Each problem’s first line is a integer N(the number of commands), and a word “FIFO” or “FILO”.(you are very happy because you know “FIFO” stands for “First In First Out”, and “FILO” means “First In Last Out”).
and the following N lines, each line is “IN M” or “OUT”, (M represent a integer).
and the answer of a problem is a passowrd of a door, so if you want to rescue ACboy, answer the problem carefully!
Input
The input contains multiple test cases.
The first line has one integer,represent the number oftest cases.

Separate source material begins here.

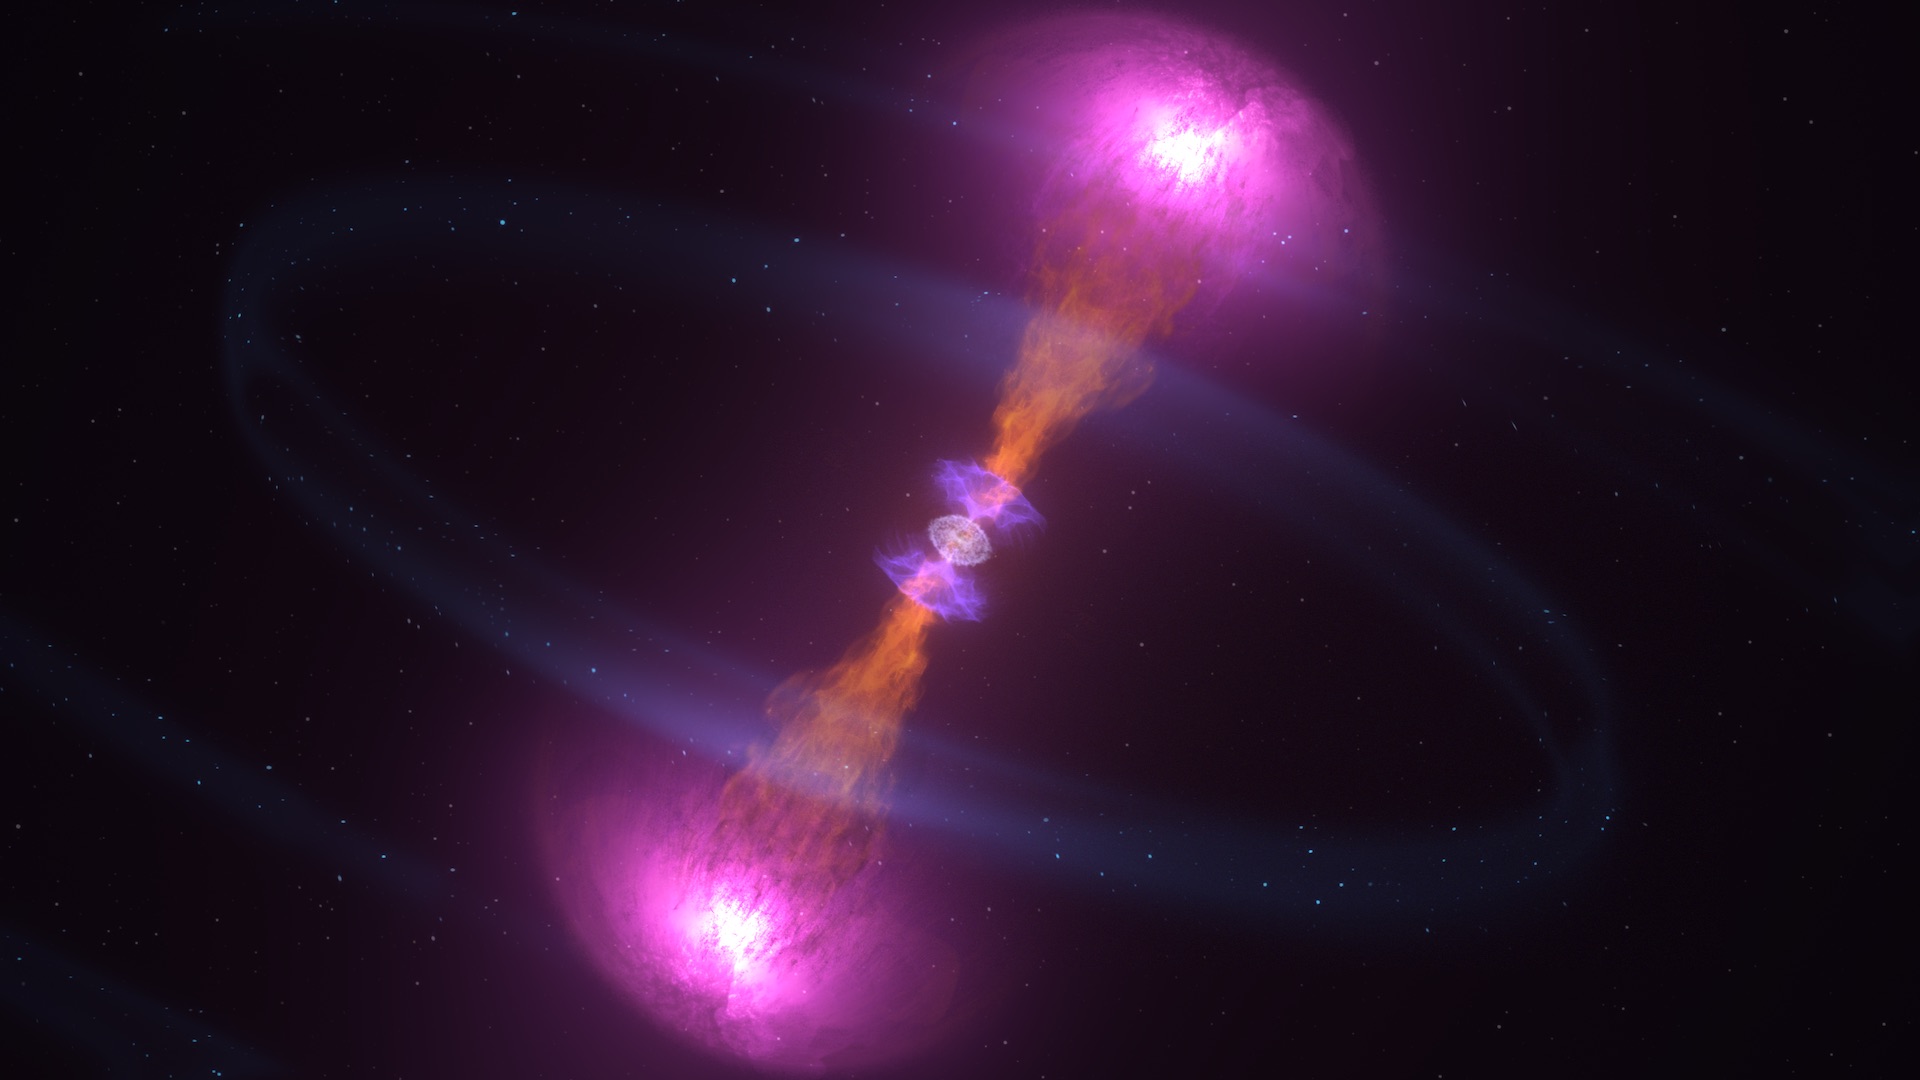 This animation captures phenomena observed over the course of nine days following the neutron star merger known as GW170817, detected on Aug. 17, 2017. They include gravitational waves (pale arcs), a near-light-speed jet that produced gamma rays (magenta), expanding debris from a kilonova that produced ultraviolet (violet), optical and infrared (blue-white to red) emission, and, once the jet directed toward us expanded into our view from Earth, X-rays (blue). Credit: NASA's Goddard Space Flight Center/CI LabMusic: "Exploding Skies" from Killer TracksWatch this video on the NASA Goddard YouTube channel.Complete transcript available.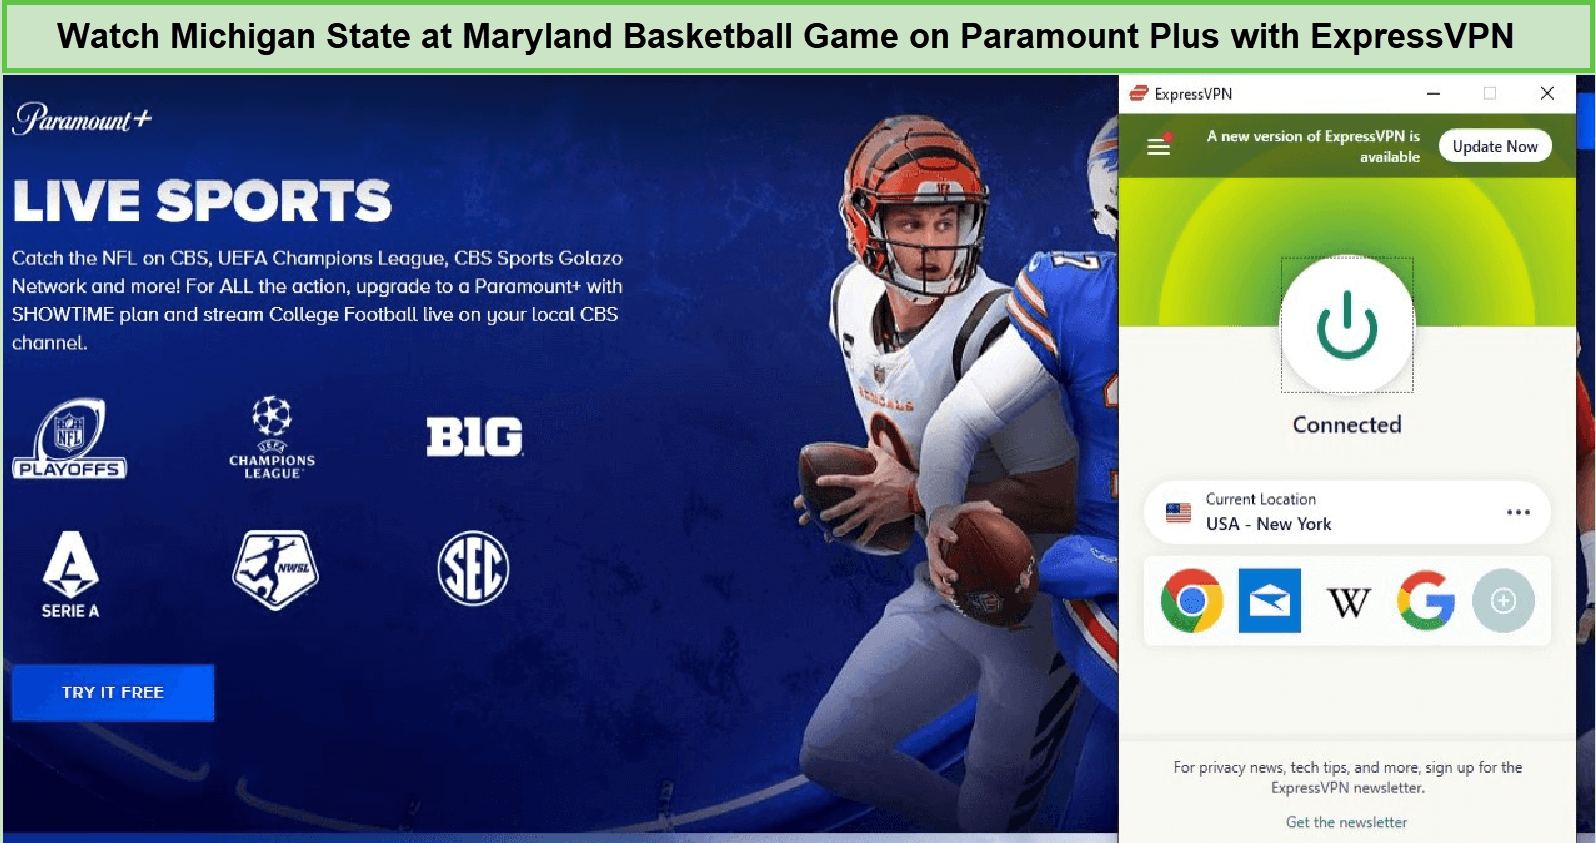 Watch-Michigan-State-at-Maryland-Basketball-Game-outside-USA-on-Paramount-Plus-with-ExpressVPN

And the input of each subproblem are described above.
Output
For each command “OUT”, you should output a integer depend on the word is “FIFO” or “FILO”, or a word “None” if you don’t have any integer.
Sample Input
4
4 FIFO
IN 1
IN 2
OUT
OUT
4 FILO
IN 1
IN 2
OUT
OUT
5 FIFO
IN 1
IN 2
OUT
OUT
OUT
5 FILO
IN 1
IN 2
OUT
IN 3
OUT
Sample Output
1
2
2
1
1
2
None
2
3
解答:基本的兩種操作:
#include<iostream>
#include<stack>
#include<queue>
#include<cstring>
using namespace std;
int main()
{
int n,m,x,ans;
char s1[5], s2[5];
cin >> n;
while (n--) //總數
{
stack<int>s;
queue<int>q;
cin >> m; //操作數
scanf("%s", s1); //FIFO和FIFO
if (strcmp(s1, "FIFO") == 0)
{
for (int i = 1; i <= m; i++)
{
scanf("%s", s2); //具體指令
if (strcmp(s2, "IN") == 0) //處理
{
cin >> x;
q.push(x);
}
else
{
if (q.empty() == 1) //隊列空
cout << "None" << endl;
else
{
ans = q.front();
cout << ans << endl;
q.pop();
}
}
}
if (q.empty() == 0)
q.pop();
}
else
{
for (int i = 1; i <= m; i++)
{
scanf("%s", s2);
if (strcmp(s2, "IN") == 0)
{
cin >> x;
s.push(x);
}
else
{
if (s.empty() == 1)
cout << "None" << endl;
else
{
ans = s.top();
cout << ans << endl;
s.pop();
}
}
}
if (s.empty() == 0)
s.pop();
}
}
return 0;
}